— В обязательных отношениях между лично свободными крестьянами и помещиками, лишенными участия в управлении народом, лежат зародыши опасной борьбы сословий, — продолжил Унковский.
— Да, — кивнул Саша, — я тоже жду крестьянских бунтов. Но не папа создаёт подобные ситуации, а ваши коллеги, которые не хотят до последнего отпускать своих рабов, ибо кто же тогда будет клубнику пропалывать.
Унковский вздохнул.
— Нужно даровать крестьянам полную свободу, с наделением их землею в собственность, посредством немедленного выкупа, по цене и на условиях не разорительных для помещиков.
— Звучит отлично, — сказал Саша. — А у крестьян есть деньги на немедленный выкуп, если их нет даже у помещиков?
— Выкупные платежи должно взять на себя государство.
«Ну, конечно! — подумал Саша. — Все мы рады запустить лапу в казну».
Но вслух выразился политкорректнее:
— Государственный бюджет — тоже не бездонная бочка, особенно после Крымской войны.
— Можно разложить это бремя на все сословия. Например, в виде особого налога.
— Можно, но не все будут довольны.
— Александр Александрович! — вмешался Гогель, — Нам пора идти, иначе мы опоздаем.
— Хорошо, — кивнул Саша. — Пойдёмте, Алексей Михайлович! Если вы, конечно, не против проехаться до Николаевского вокзала в компании графа Строганова, генерала Гогеля и меня.
— Ну, что вы! Сочту за честь.
И разговор продолжился в карете.
— Все не могут быть довольны, — сказал Унковский. — но эмансипация — только начало. Быт сословий не может быть улучшен без преобразования существующего порядка администрации, полиции и суда… — заметил Алексей Михайлович.
— А без эффемизмов? — попросил Саша.
— Нужно учредить независимую судебную власть, то есть суд присяжных, и судебные учреждения, независимые от административной власти, со введением гласного и словесного судопроизводства.
— Судебная реформа будет. Подождите.
— Вы уверены, Ваше Высочество?
— Абсолютно. Лет через 5–7.
— Долго ждать.
— Не всё сразу, Алексей Михайлович. Это слишком серьезно, чтобы учредить одним указом.
— Да, Ваше Высочество — это работа не для одного человека. Поэтому нужно образовать хозяйственно-распорядительное управление, общее для всех сословий, основанное на выборном начале.
— Алексей Михайлович, называйте вещи своими имени. Я вас точно никуда не сошлю. А вот папа не готов к парламенту. Мне ли не знать! Буду писать вам письма, если окажетесь на гауптвахте. Если, конечно, не в соседней камере.

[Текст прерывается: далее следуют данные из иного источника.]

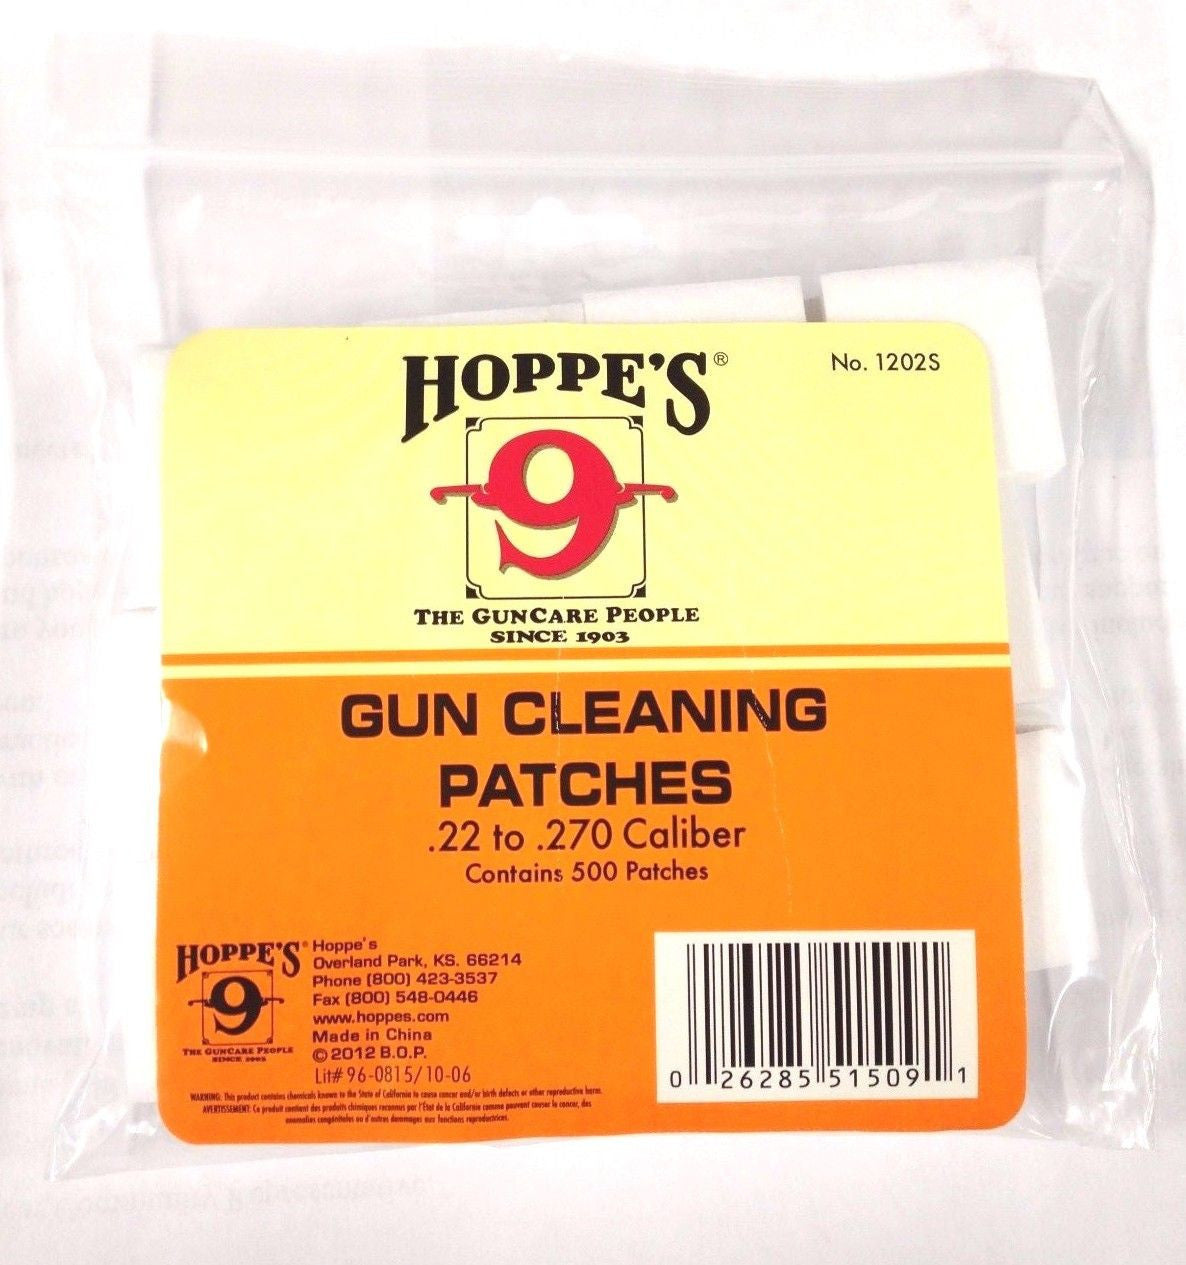 Hoppe's No. 9 Gun Cleaning Patches for .22-.270 Caliber (500 Pack)

Ну, тогда будем перестукиваться.
Унковский усмехнулся.
— Мы ничего противозаконного не делаем.
— В нашей стране это не всегда спасает, — возразил Саша.
— К сожалению, да, — согласился Унковский. — И последнее. Надо дать возможность обществу путем печатной гласности доводить до сведения верховной власти недостатки и злоупотребления местного управления.
— Почему же только местного? — поинтересовался Саша. — Свобода слова — так свобода слова! Я-то подписываюсь под этим, Алексей Михайлович. Только папа, к сожалению, не подпишется.
Они уже подъезжали к вокзалу.
— Я хотел бы пересказать вашу программу государю в качестве мнения части дворянства, — сказал Саша. — Я могу на вас ссылаться?
— Да, конечно.
— Тогда до встречи в Алексеевском равелине.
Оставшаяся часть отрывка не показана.